Jatayu
- cover page (1st ed.)
- Author: Sitanshu Yashaschandra
- Original title: જટાયુ
- Language: Gujarati
- Publisher: R. R. Sheth & Co., Mumbai
- Publication date: 1986
- Publication place: India
- Media type: Print
- Pages: 130 (1st ed.)
- Awards: Sahitya Akademi Award (1987)
- ISBN: 978-93-80051-19-2 (4th ed.)
- OCLC: 20357562
- Dewey Decimal: 891.471
- LC Class: MLCMA 2009/00327 (P) PK1859.S5638

= Jatayu (book) =

1986 poetry collection by Sitanshu Yashaschandra

Jatayu is a Gujarati poetry collection by Sitanshu Yashaschandra published in 1986. It is a collection of surrealistic poems based on Indian mythology, romantic temper, modern consciousness, and nature. It won the Sahitya Akademi Award in 1987.

==Contents==

Jatayu includes 34 poems divided into eight mutually unconnected sections. Each section has a line or a stanza taken from a poem to serve as a caption. The critic Dhirubhai Thaker has classified these poems in five categories; surrealistic poems, poems based on Indian mythology, poems of romantic temper, nature poems, and poems reflecting modern consciousness.

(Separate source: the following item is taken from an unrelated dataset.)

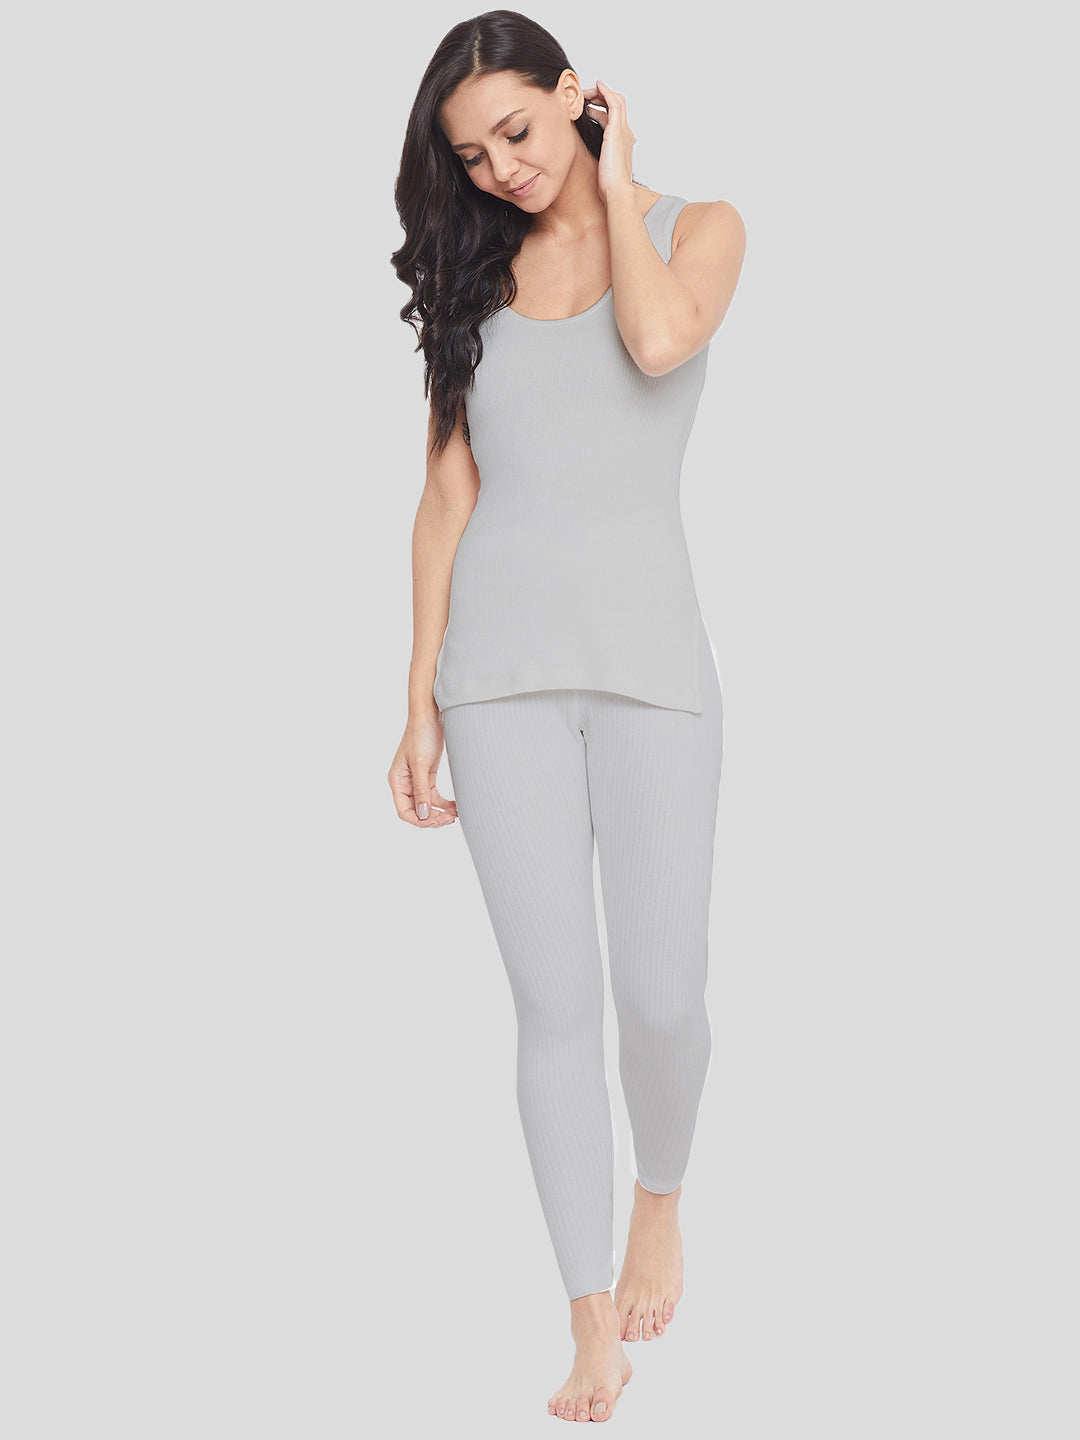 Neva Sleeveless Slip Thermal Top For Women - Milange Grey (Velveti)

Of the six surrealistic poems, "Pralay" (The flood) and "Moen-jo-dado: Ek Surreal Akasmaat" are considered the best by several critics. "Pralay" presents a feeling of death or destruction, with the help of situations described in several modes of narration. Sitanshu has used images like the cobra, the moon, pallbearers, pests, a pregnant maiden, flood, famine, fire, a woman and nothingness to arouse the feeling of death or destruction.

The title poem, "Jatayu", is an experiment in Akhyana, a poetic form of medieval Gujarati literature inspired by the character of Jatayu in the epic Ramayana. It presents a feeling of the distressful condition of modern man.

==Reception==
Jatayu was well received by readers and critics. Dhirubhai Thaker acclaimed the poems for their technique of sound of words, symbols and surreal diction. He further added that in some poems like "Haa" and "Ghero", which however are fine pieces of imagery, the language loses its sharpness due to the long and unclear expressions.

The book was selected for the Sahitya Akademi Award in 1987. It had its first edition in 1986, second in 1991, third in 2000, and fourth in 2009. The fourth edition includes an audio CD of poems recited by the poet himself.

==Translation==
The book was translated by Chandra Prakash Deval into Rajasthani in 1996. The title poem, Jatayu, has been translated by Rachel Dwyer into English.